What you should do:
Please reproduce all of the data exactly as it appears, but skip the pictures.
━━ Data section ━━
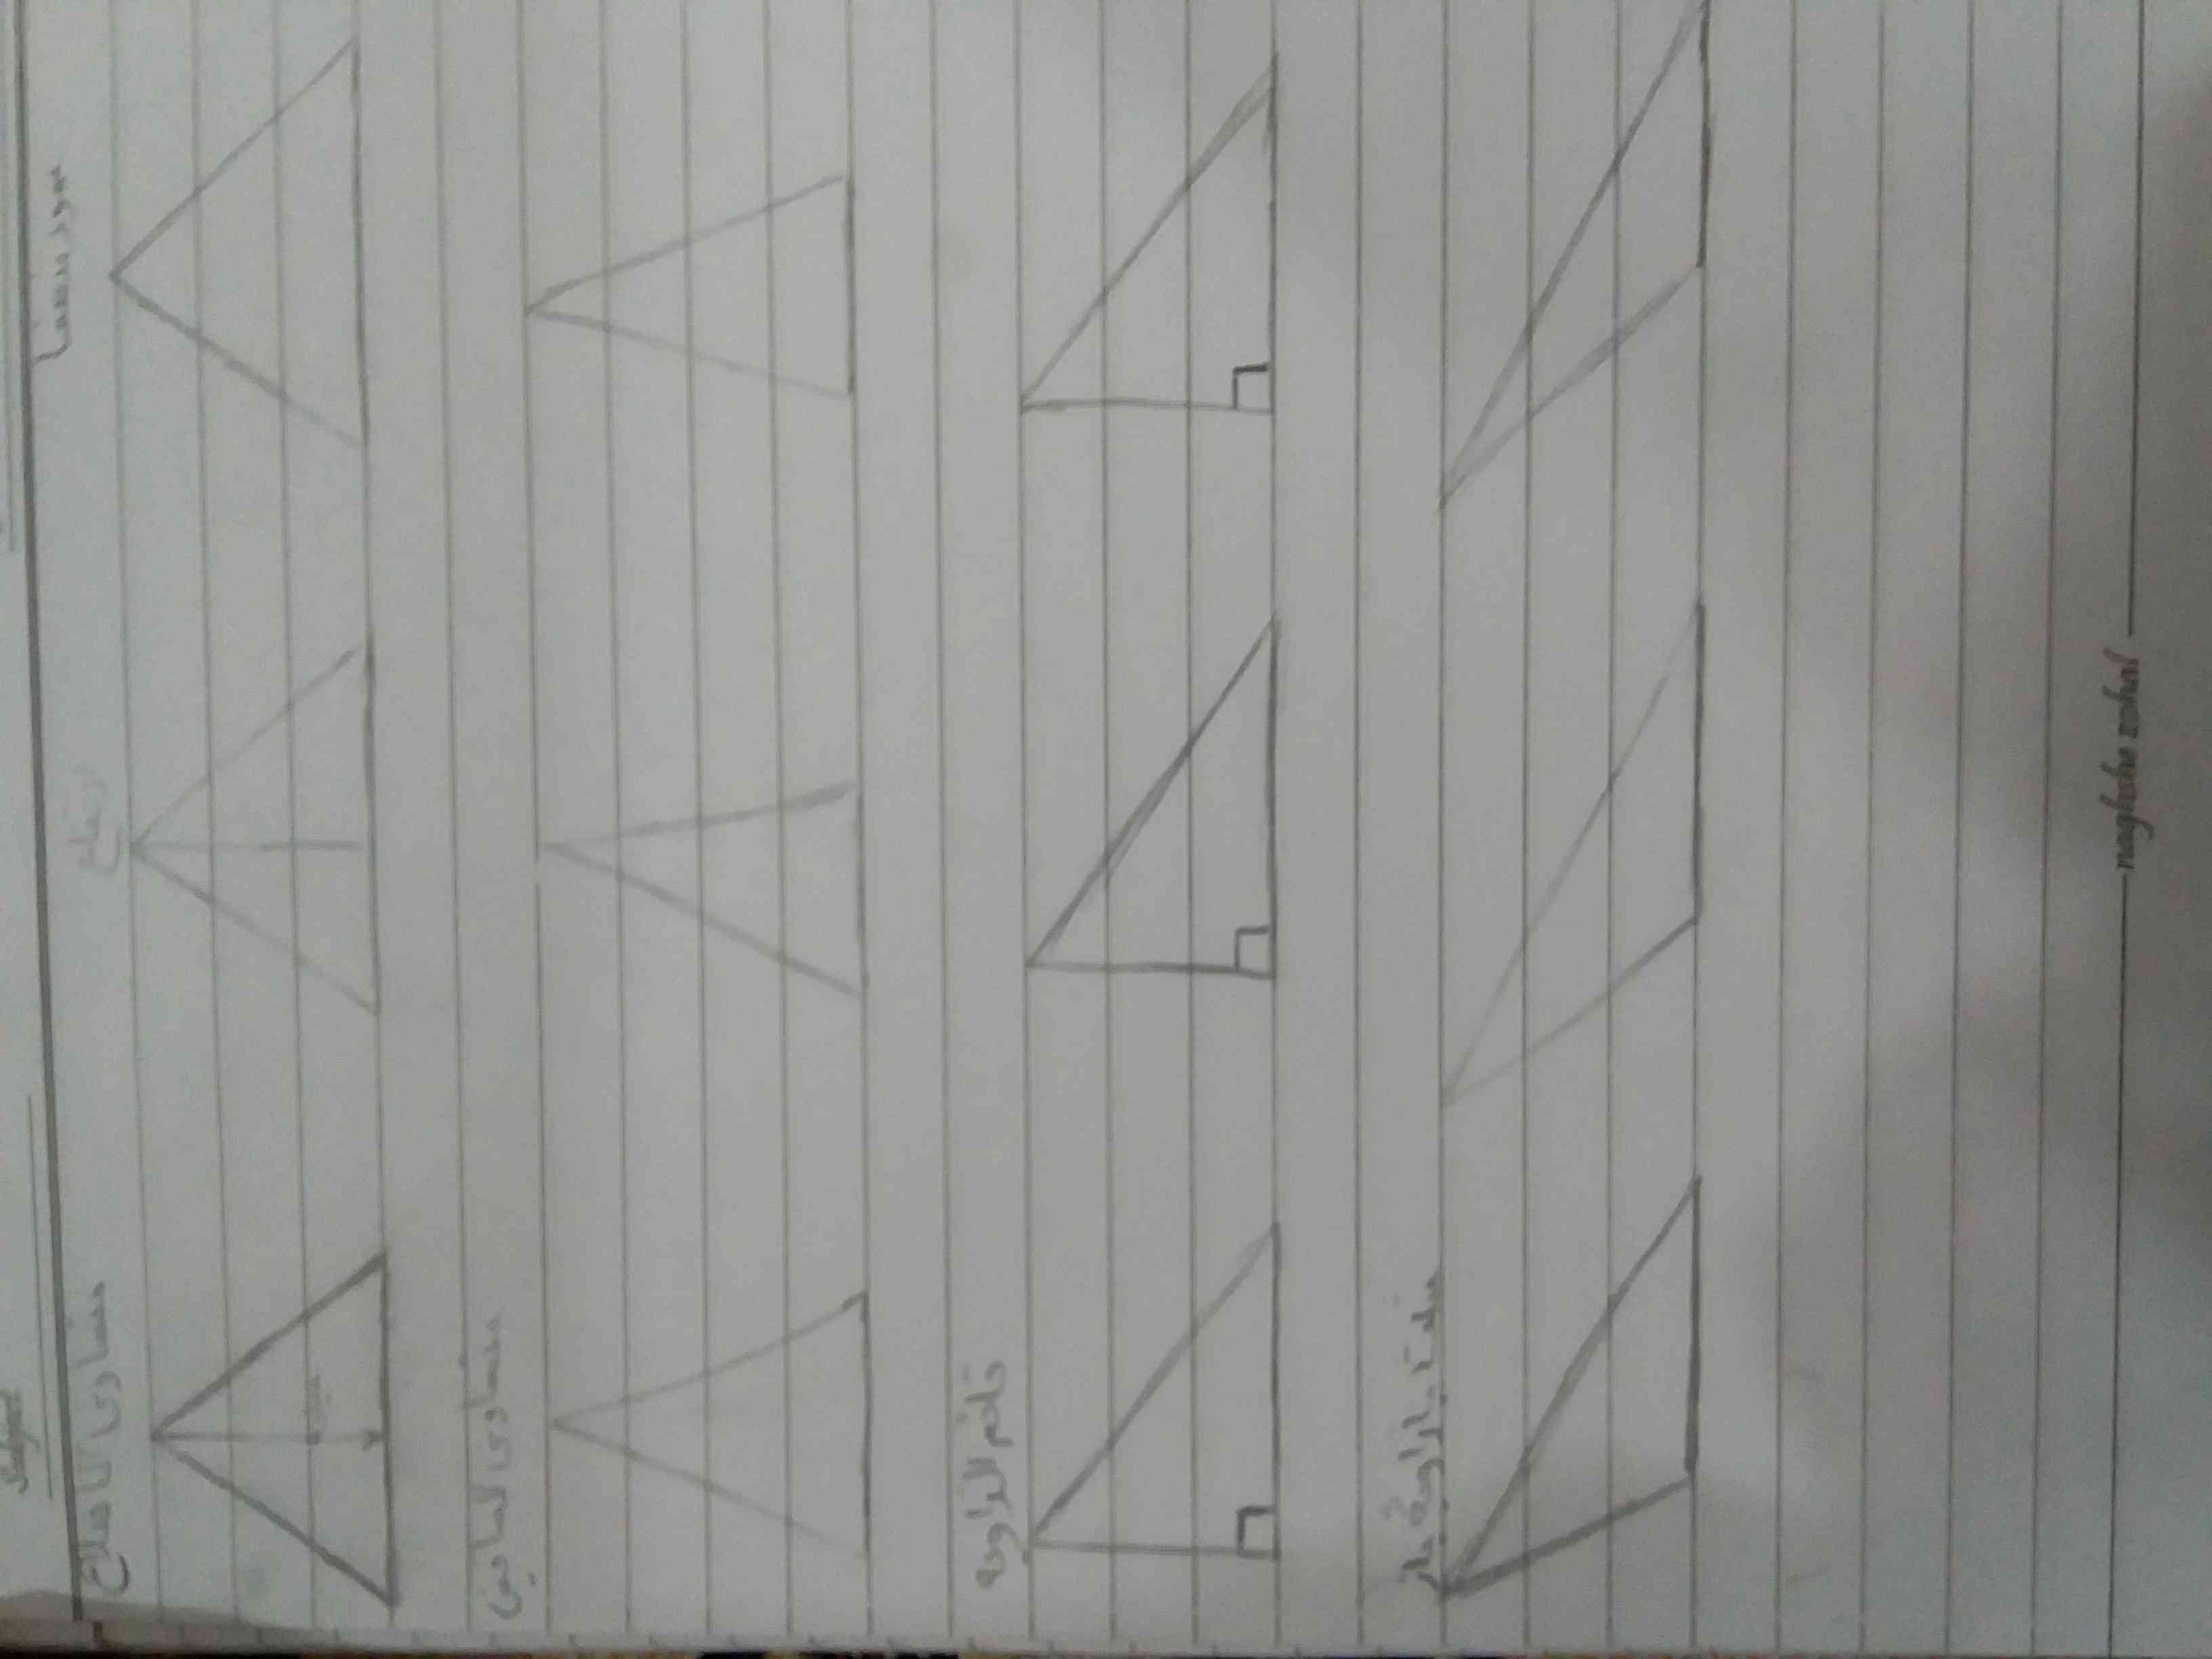 لطفا عمود منصف و ارتفاع  و میانیه هر کدوم از مثلث هارو مشخص کنید
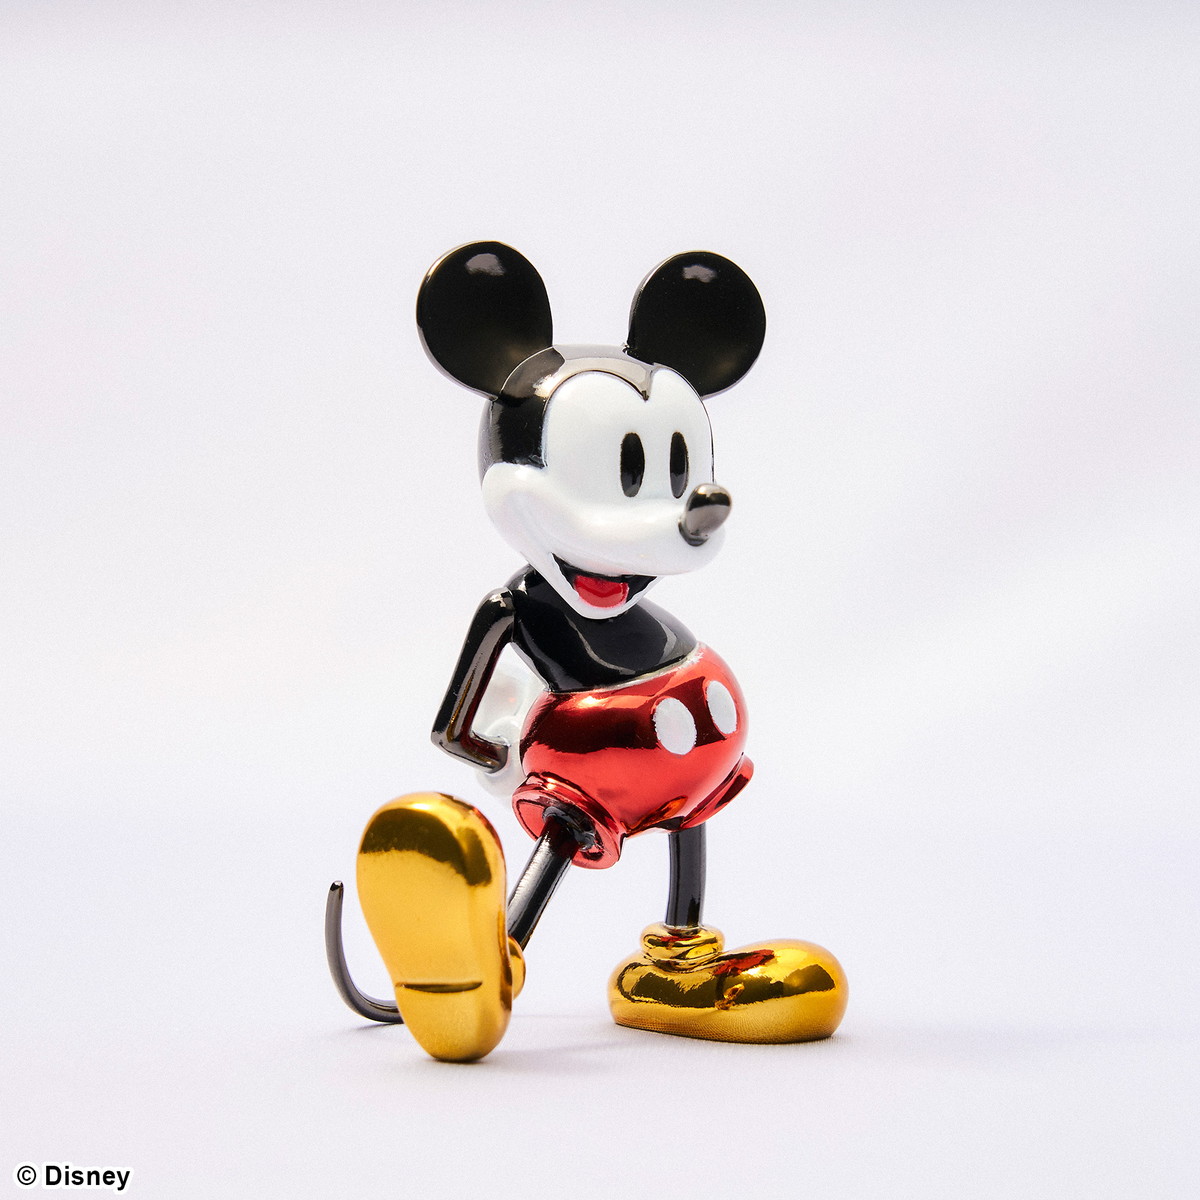 「ディズニー / ブライトアーツギャラリー / ミッキーマウス 1930s」のフィギュア画像
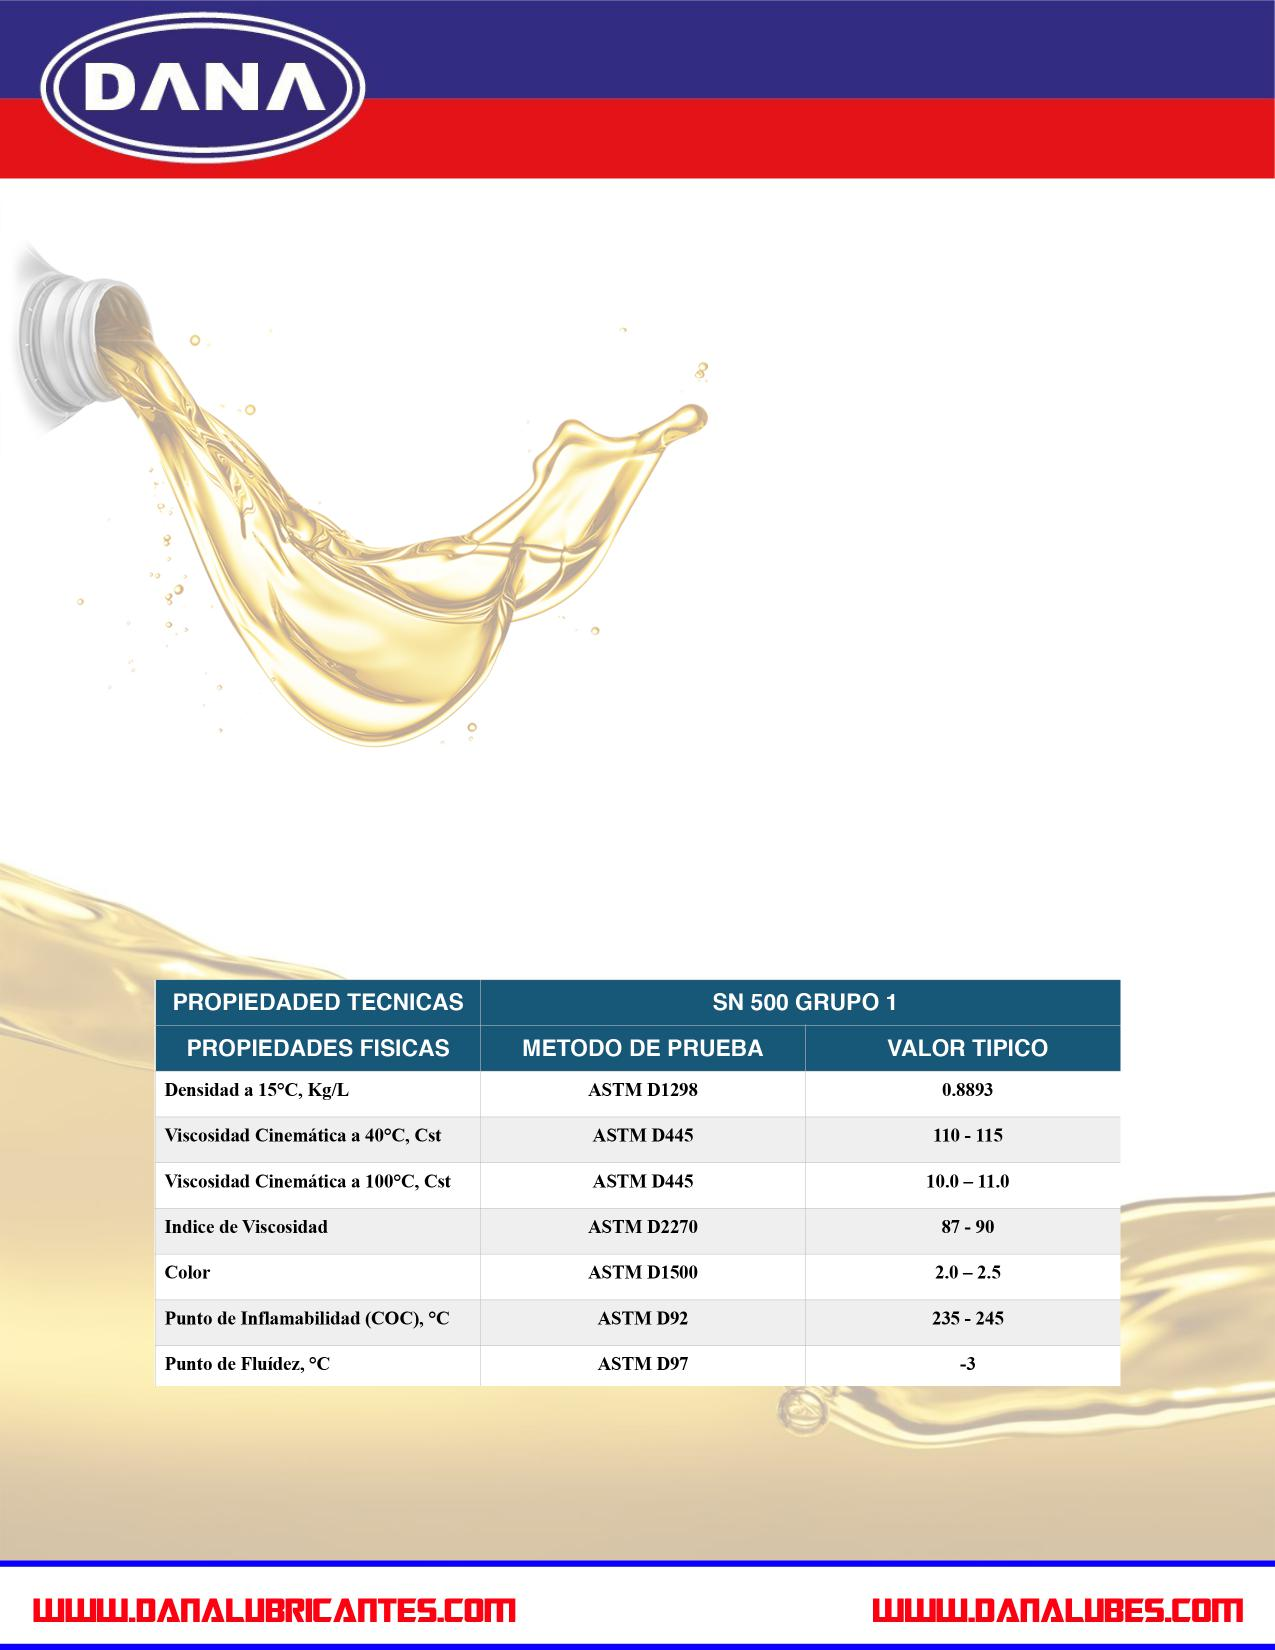 aceite base Lubricantes DANA se especializa en la adquisición y distribución de aceite base de todos los grados en la región MENA, los países del CCG y los países de la ASEAN.
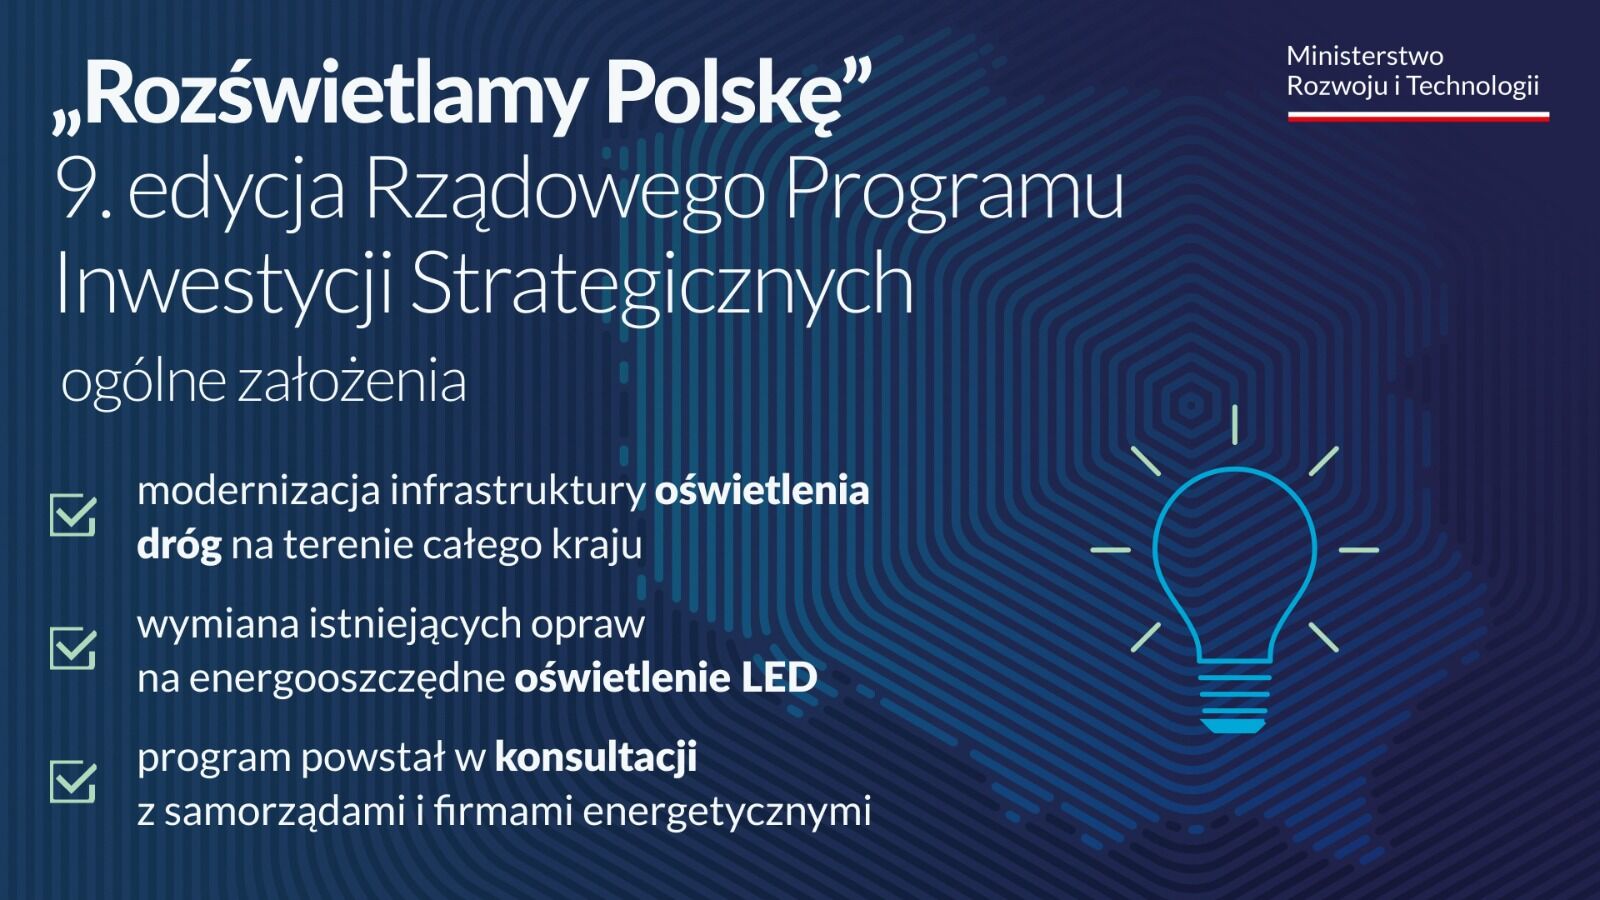 Opis zdjęcia: Grafika informacyjna z napisem Rozświetlamy Polskę, dotycząca 9. edycji Rządowego Programu Inwestycji Strategicznych. Zawiera ikony żarówki i dróg, tekst o modernizacji oświetlenia z użyciem technologii LED oraz akcenty graficzne w kolorach
━━━
Reply to the task:
 لطفا عمود منصف و ارتفاع  و میانیه هر کدوم از مثلث هارو مشخص کنید
 「ディズニー / ブライトアーツギャラリー / ミッキーマウス 1930s」のフィギュア画像
 aceite base Lubricantes DANA se especializa en la adquisición y distribución de aceite base de todos los grados en la región MENA, los países del CCG y los países de la ASEAN.
 Opis zdjęcia: Grafika informacyjna z napisem Rozświetlamy Polskę, dotycząca 9. edycji Rządowego Programu Inwestycji Strategicznych. Zawiera ikony żarówki i dróg, tekst o modernizacji oświetlenia z użyciem technologii LED oraz akcenty graficzne w kolorach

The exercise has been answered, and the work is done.